It was a Conservative Prime Minister.
Two years later when that same prime minister had not produced the rules, we prodded him and finally got a commitment from the government to establish a parliamentary committee. That was the Cooper committee.
I sat on that committee. I will claim some responsibility for some of the recommendations in its report. It was chaired by the member for Peace River. We arrived at a unanimous report. The then New Democratic Party member for Nickel Belt, several Conservative MPs and I under the chairmanship of the member for Peace River produced a report.
From that report the government produced a bill. That bill is the law in the country. It was referred to a parliamentary committee, the Cooper committee. We dealt with it, made some improvements to it and now it is the law of the land.
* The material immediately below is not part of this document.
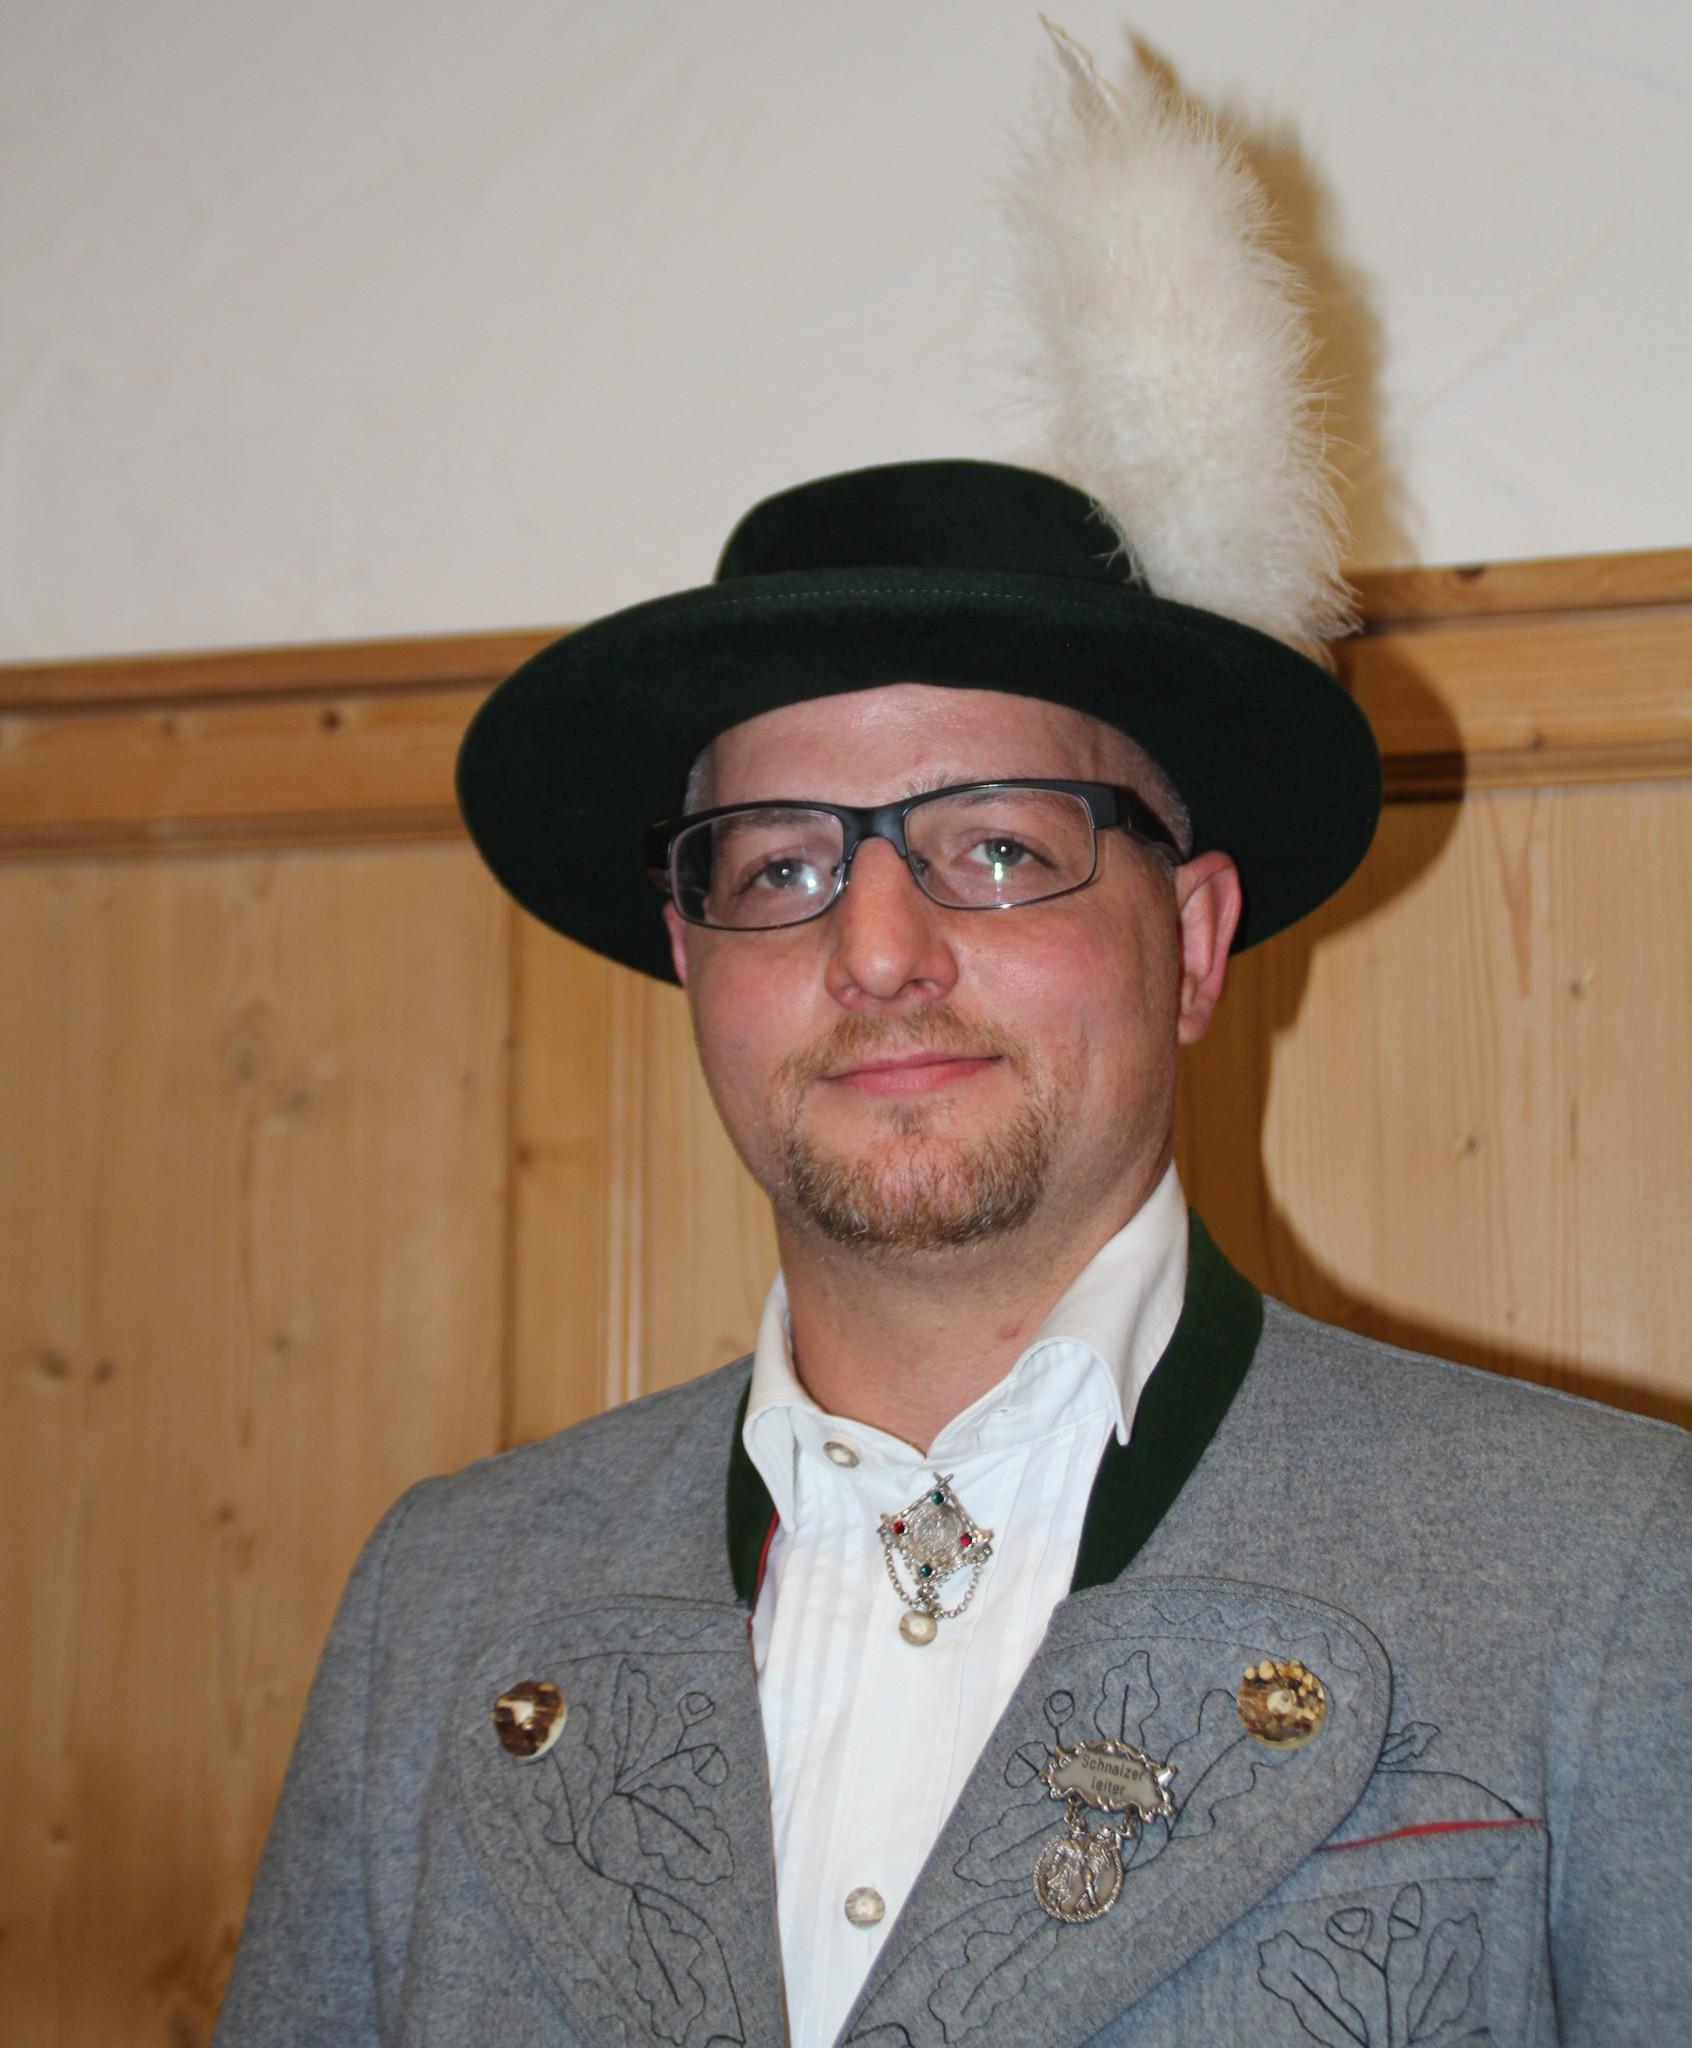 Florian-Steif

One of the clauses that came from the committee was the sunset clause of sorts on which there would be a review. The review was to improve on the bill. Pursuant to that we did the study under the able chairmanship of the member for Fundy-Royal. We now have before us a bill to amend the present act. That is how it all came about.
When five years of having the first law were completed or close to it the government, again at the request of the opposition, appointed a committee under the leadership of the member for Selkirk-Interlake, Felix Holtmann, who is in Ottawa; I saw him 10 or 15 minutes ago. He chaired the committee that produced a report I have before me today.
The Holtmann committee report was entitled "A Blueprint for Transparency: Review of the Lobbyists Registration Act". The Liberal Party used that report as the basis for its own red book.